Kernelization of Arc Disjoint Cycle Packing in $$\alpha $$-Bounded Digraphs

Abstract

In the Arc Disjoint Cycle Packing problem, we are given a directed graph (digraph) G, a positive integer k, and the task is to decide whether there exist k arc disjoint cycles. The problem is known to be W[1]-hard on general digraphs. In this paper we show that the problem admits a polynomial kernel on \(\alpha \)-bounded digraphs. That is, we give a polynomial time algorithm, that given an instance (D, k) of Arc Disjoint Cycle Packing, outputs an equivalent instance \((D',k')\)of Arc Disjoint Cycle Packing, such that \(k'\le k\) and the size of \(D'\) is upper bounded by a polynomial function of k.

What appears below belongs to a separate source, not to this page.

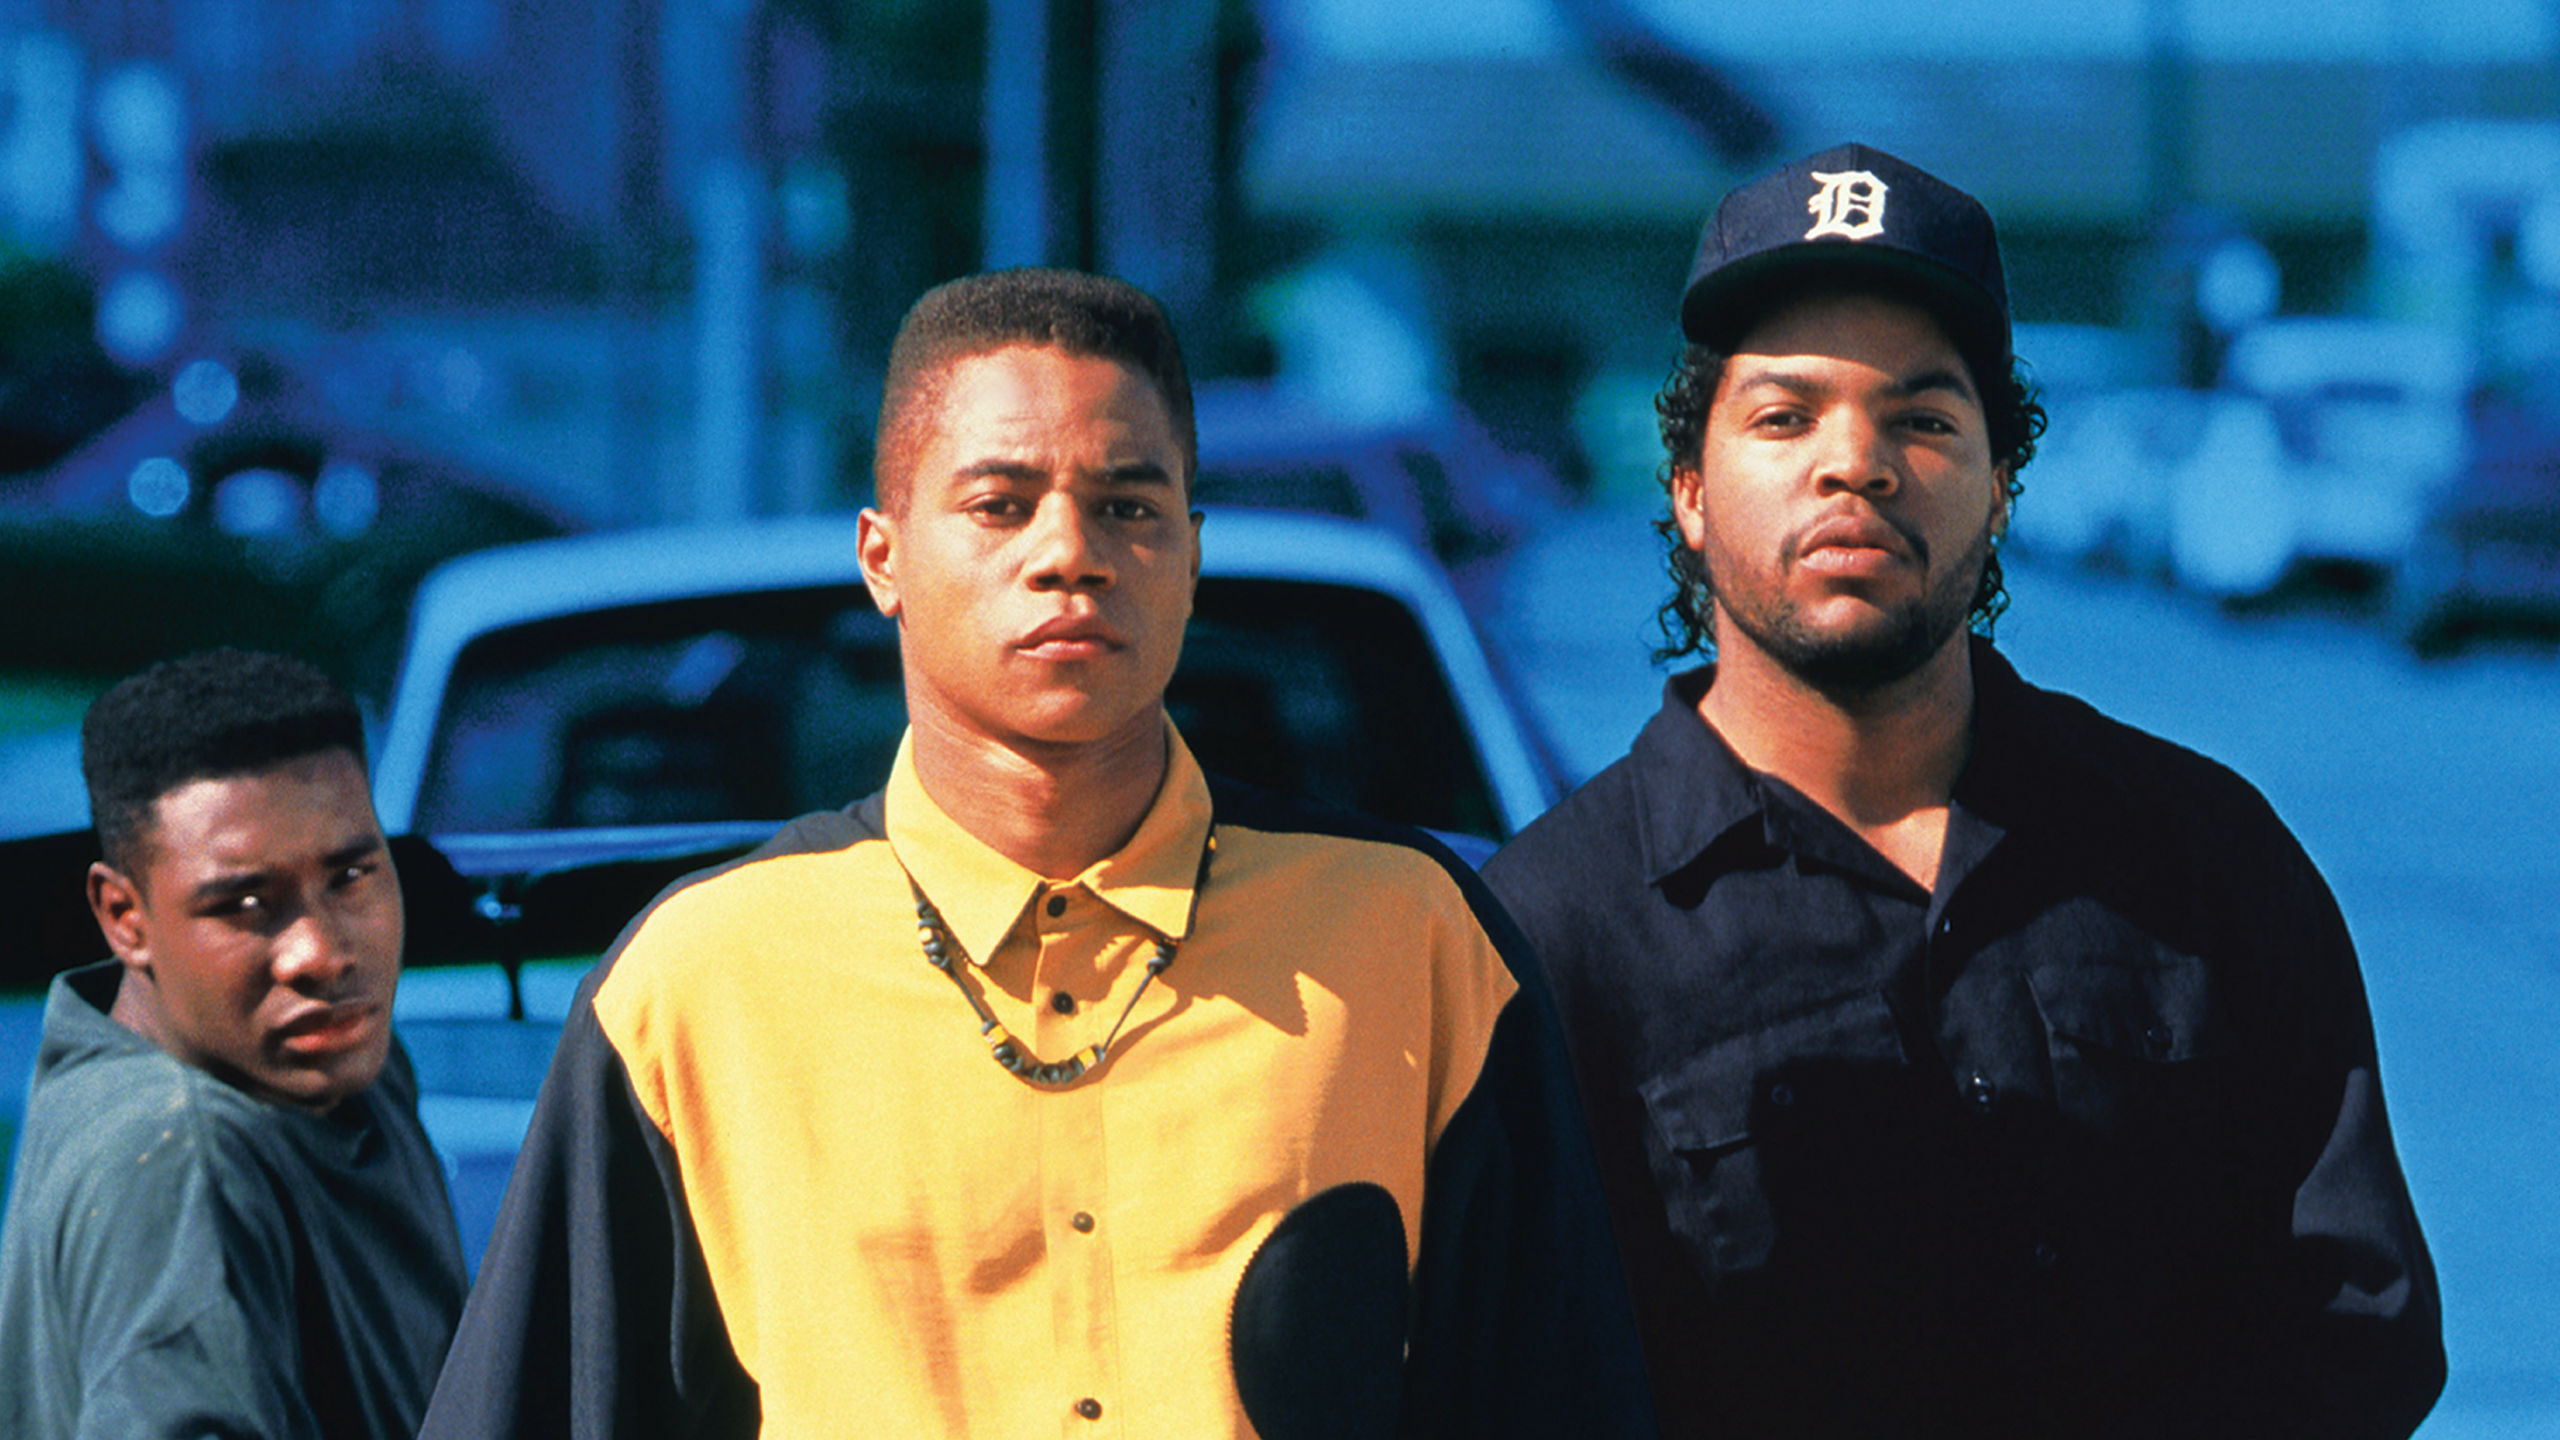 Ребята по соседству. Айс Кьюб ребята с улицы. Ребята с улицы (1991) Boyz n the Hood.
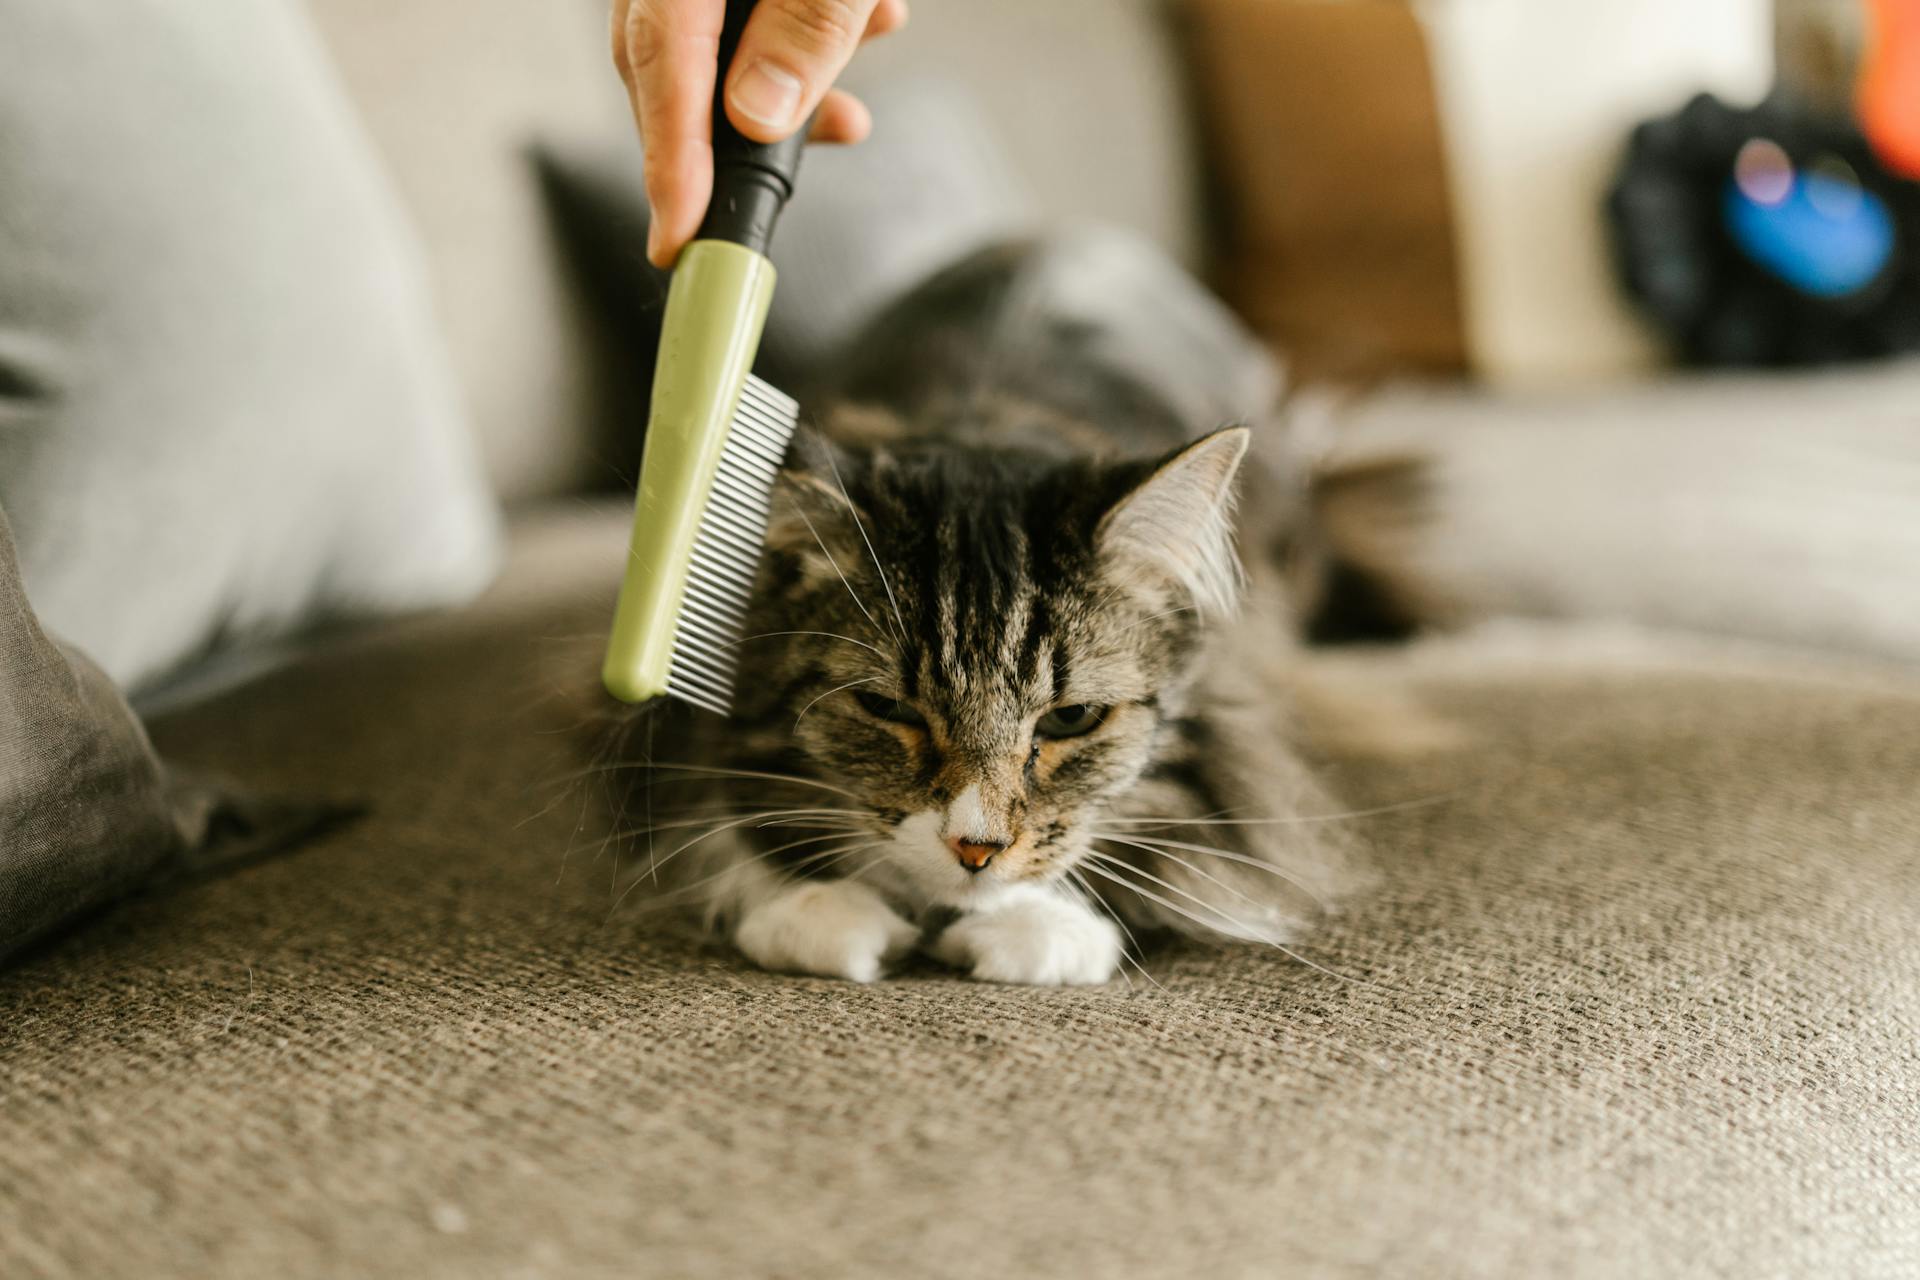 A person running a comb through a cat's fur | Source: Pexels

For any integer \(\alpha \ge 1\), the class of \(\alpha \)-bounded digraphs, denoted by \(\mathcal{D}_\alpha \), contains a digraph D such that the maximum size of an independent set in D is at most \(\alpha \). That is, in D, any set of \(\alpha +1 \) vertices has an arc with both end-points in the set. For \(\alpha =1\), this corresponds to the well-studied class of tournaments. Our results generalizes the recent result by Bessy et al. [MFCS 2019] about Arc Disjoint Cycle Packing on tournaments.